Blood flow to the kidneys can vary with systemic changes; however, glomerular perfusion pressure and GFR are maintained relatively constant by the kidney itself. Under physiologic conditions, minor drops in blood flow to the renal circulation are counteracted by changes in the resistances across the afferent and efferent arterioles of individual glomerular capillary beds.[12] The afferent arteriole vasodilates via 2 mechanisms.[13] The myogenic reflex, mediating medial smooth muscle relaxation in states of decrease perfusion pressure, vasodilates the afferent arteriole leading to increased blood flow.[14] Additionally, intrarenal synthesis of vasodilatory prostaglandins such as prostacyclin and prostaglandin E2 causes further dilation of the afferent arteriole.[15] The mechanism explains why the intake of NSAIDs leads to acute kidney injury by inhibiting this autoregulatory mechanism.[16]
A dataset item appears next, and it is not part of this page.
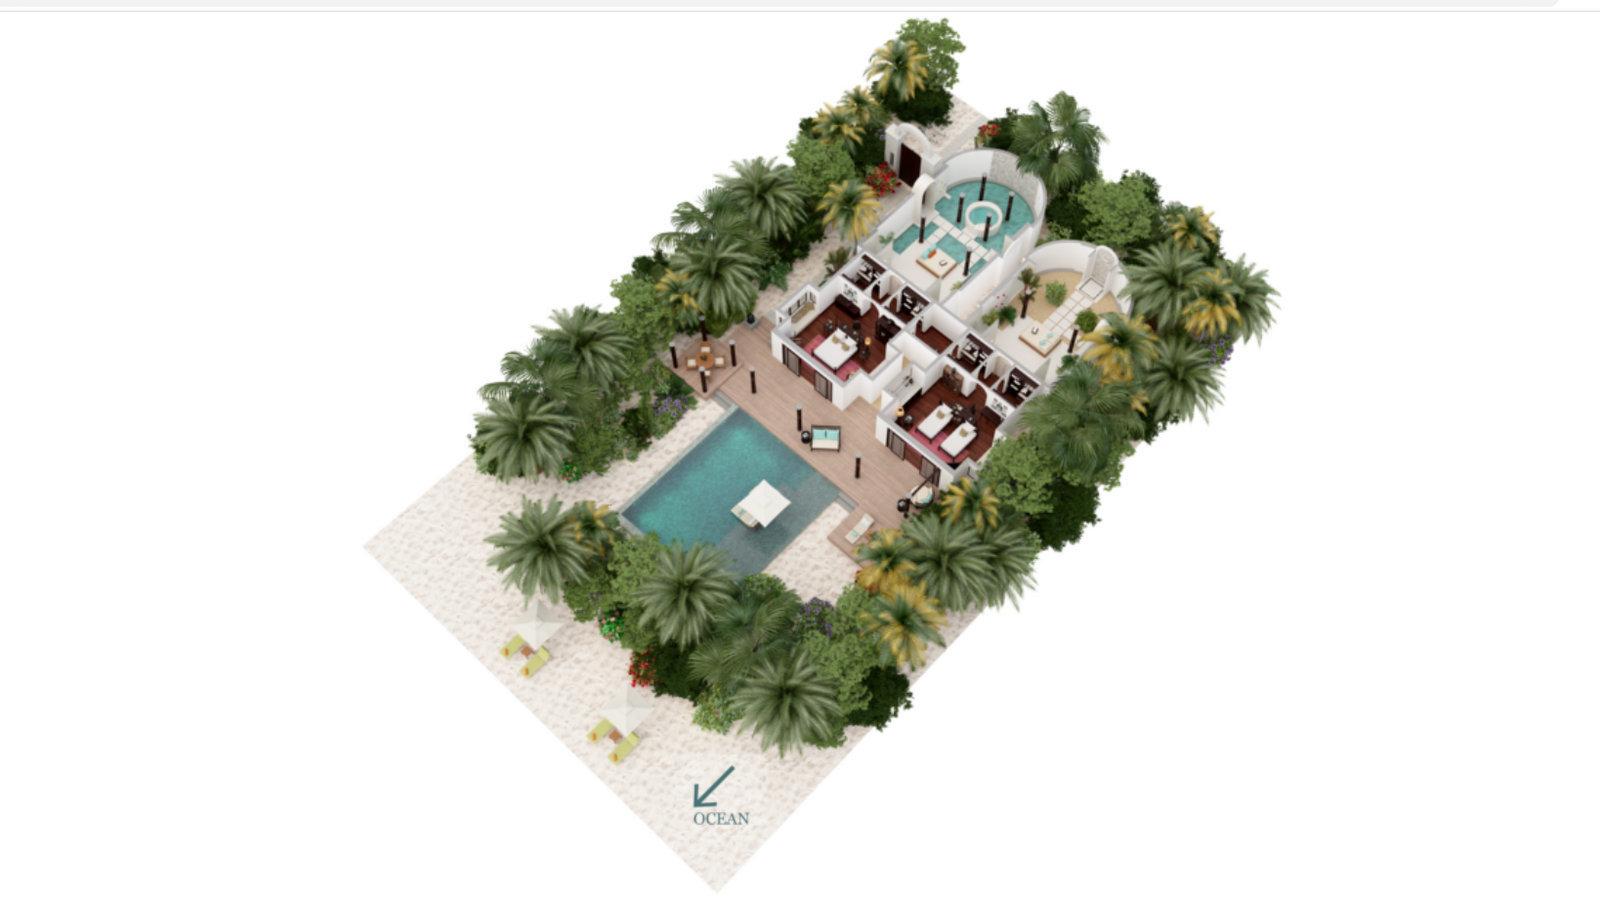 Мальдивы, отель Anantara Kihavah Maldives Villas, план-схема номера Family Beach Pool Villa

At the level of the efferent arteriole, an increase in resistance is crucial for appropriate maintenance of glomerular hydrostatic pressure. This is achieved by an increase in the production of angiotensin II (via the Renin-Angiotensin System) which acts preferentially on the efferent arteriole leading to vasoconstriction.[17] Important medications that target angiotensin II production and action are ACE inhibitors (ACEIs) and angiotensin receptor blockers (ARBs) which may be responsible for renal decompensation in patients dependent on the action of angiotensin II to maintain glomerular perfusion pressure. Such is the case in chronic kidney disease patients, whose autoregulatory mechanisms are typically operating at maximum capacity.[18]
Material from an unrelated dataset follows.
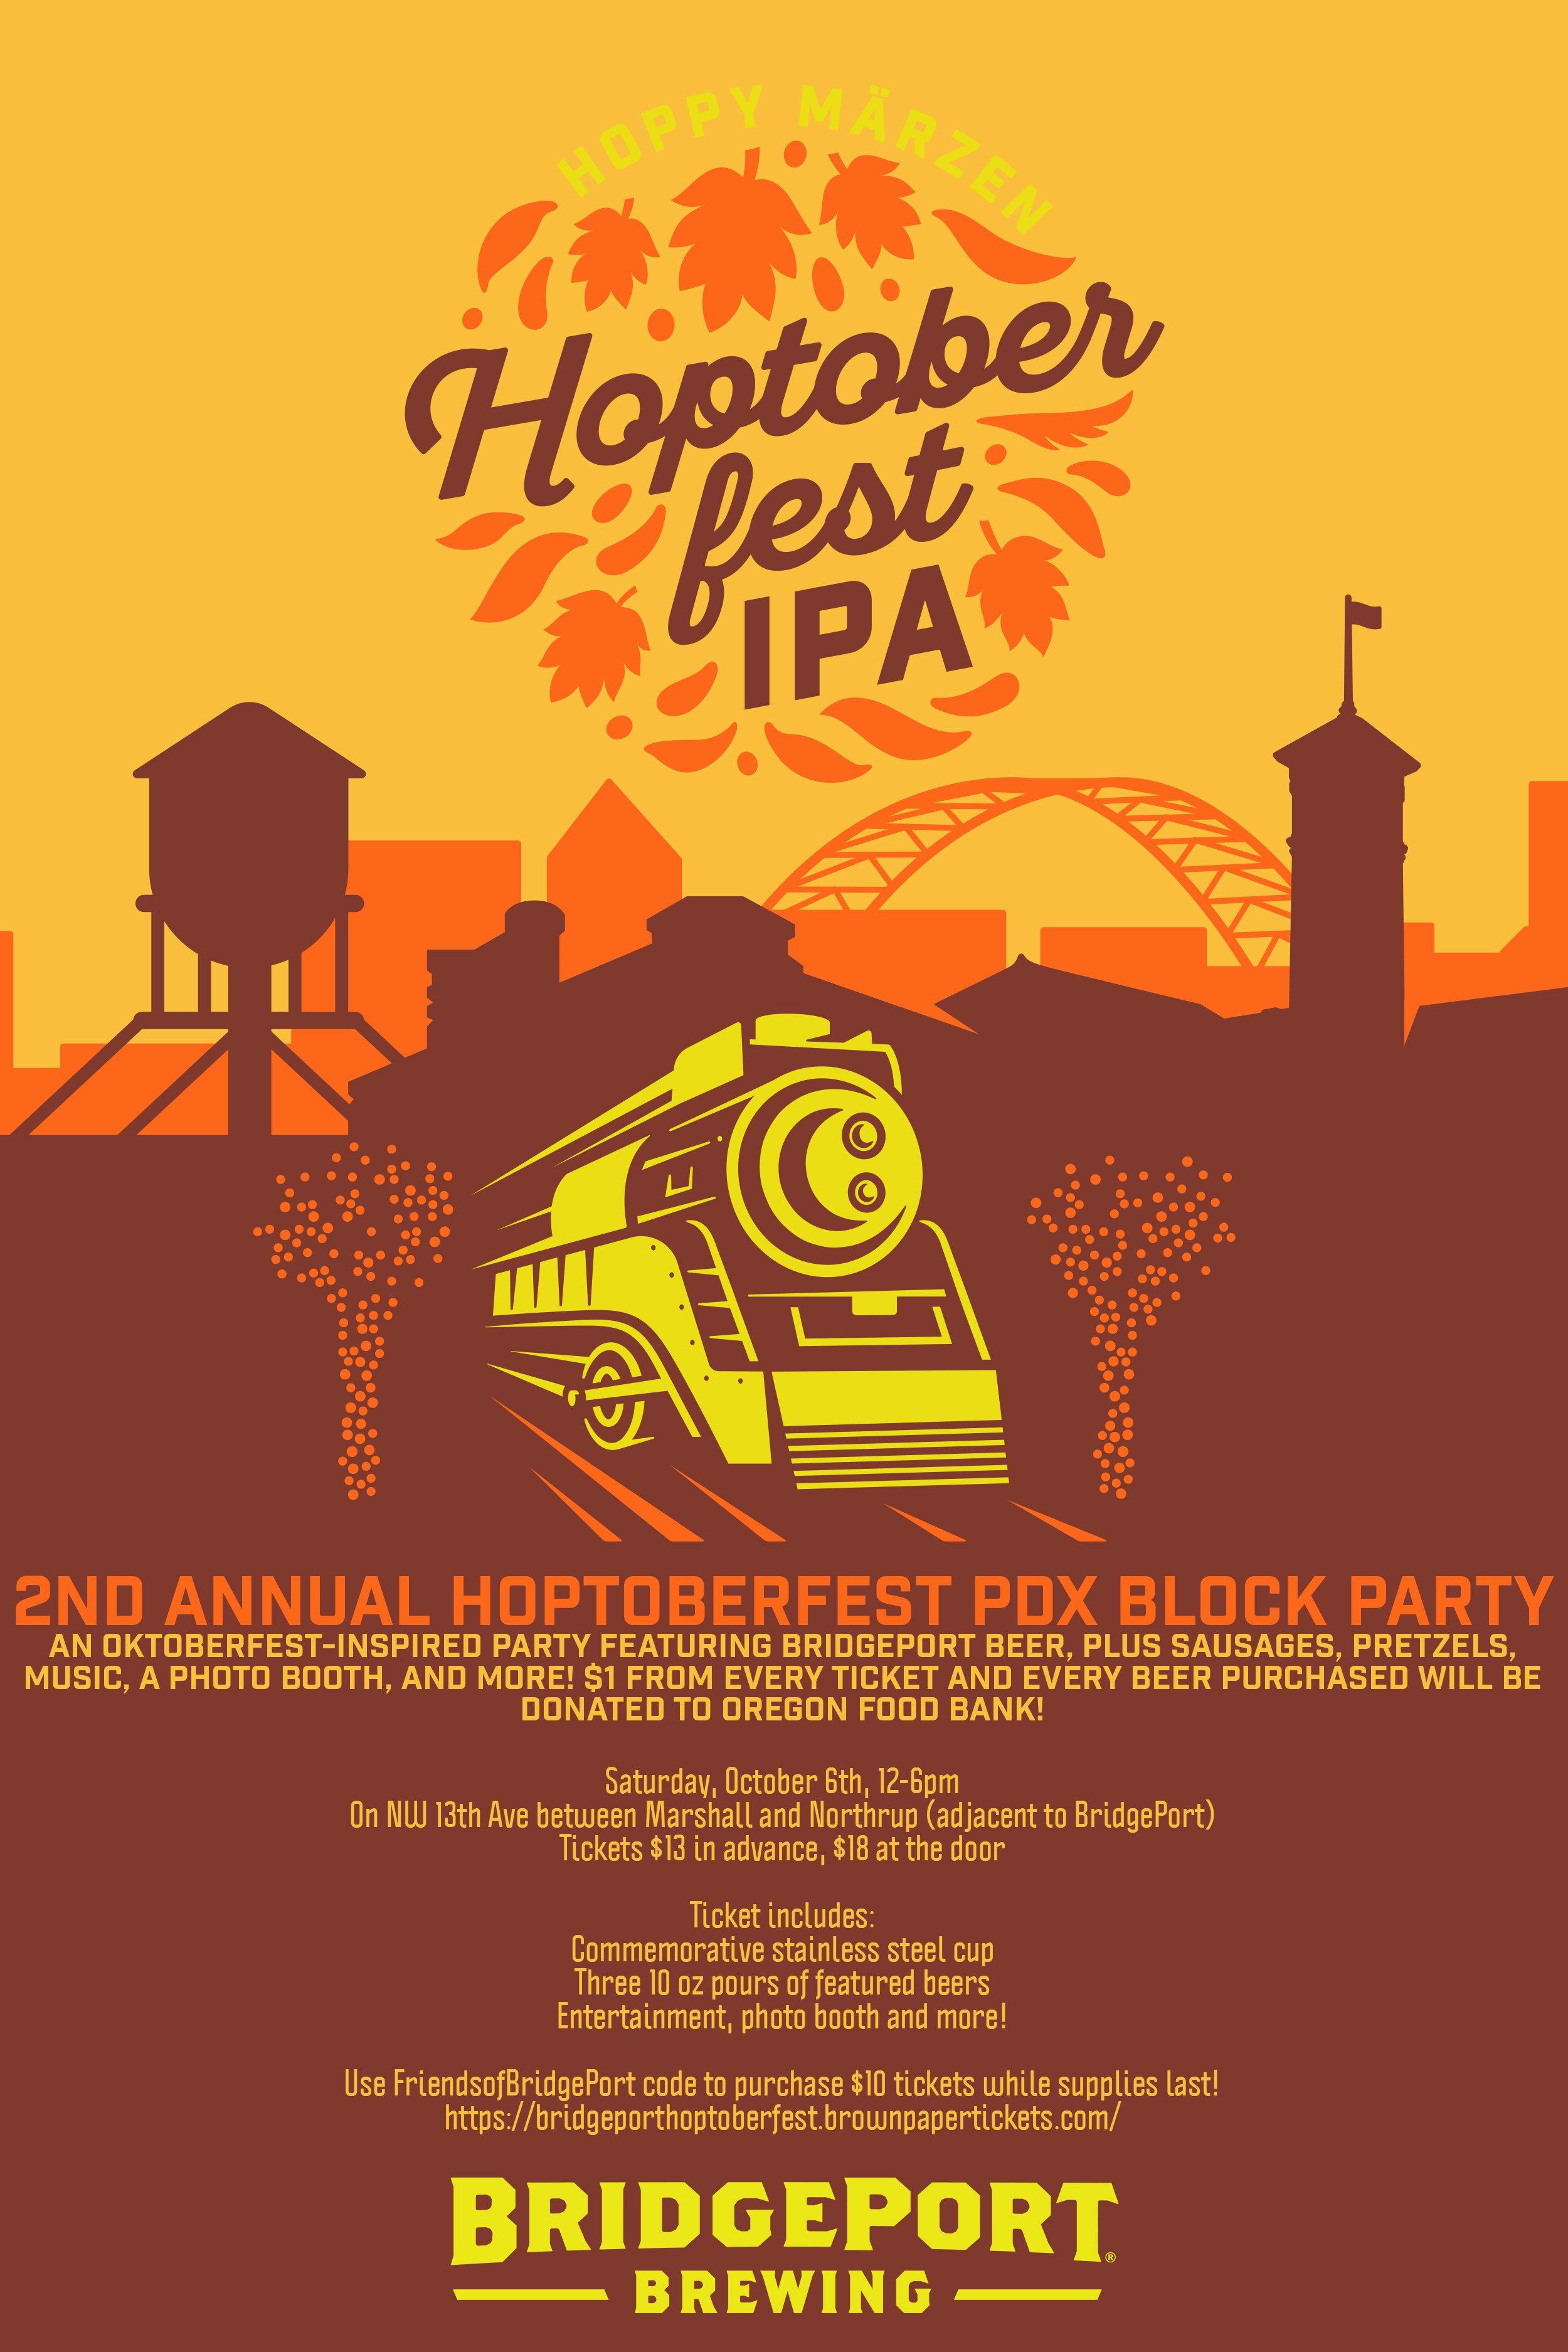 2018 hoptoberfest block party @ bridgeport brewing | oktoberfest

As such, the pathophysiology of prerenal azotemia entails a drop in renal plasma flow beyond the capacity of autoregulation, a blunted or inadequate renal compensation for an otherwise tolerable change in perfusion, or a combination of both. This eventually leads to ischemic renal injury particularly to the medulla which is maintained in hypoxic conditions at baseline. Causes of prerenal injury are summarized in the figure below. To note, as prerenal AKI progresses with further ischemia, it transforms into acute tubular necrosis (ATN) crossing into the realm of intrinsic AKI.


Intrinsic Renal AKI

Intrinsic renal AKI generally occurs due to renal parenchymal injury and may be classified according to the site of injury into: glomerular, tubular, interstitial, and vascular.

Tubular AKI

The most common form of intrinsic renal AKI involves damage to the renal tubules. In this context, the most common etiologies are sepsis, nephrotoxins, and ischemia. Ischemic AKI is part of a disease continuum involving prerenal AKI and manifests in states of prolonged renal blood flow compromise or renal hypoperfusion with other pre-existing or concomitant renal insults. Although sometimes dubbed acute tubular necrosis (ATN), ATN is non-specific to prerenal disease, and may be induced by sepsis and nephrotoxins. ATN is also not a very accurate pathological term, as renal biopsies have rarely shown true tubular necrosis, but rather tubular cell injury & apoptosis with secondary dysfunction are more accurate. These pathological manifestations are related to hypoxia and ATP depletion in areas that are physiologically hypoxic such as the renal medulla, and areas that are very metabolically active such as the proximal tubule. The response of the renal tubules and the microvasculature are maladaptive leading to a paradoxical increase in hypoxia and further damage and inflammation.[19] Ischemia and hypoxia are known to cause increased reactivity to vasoconstrictive agents, and decreased vasodilatory responses in arterioles as compared to normal kidneys.[20]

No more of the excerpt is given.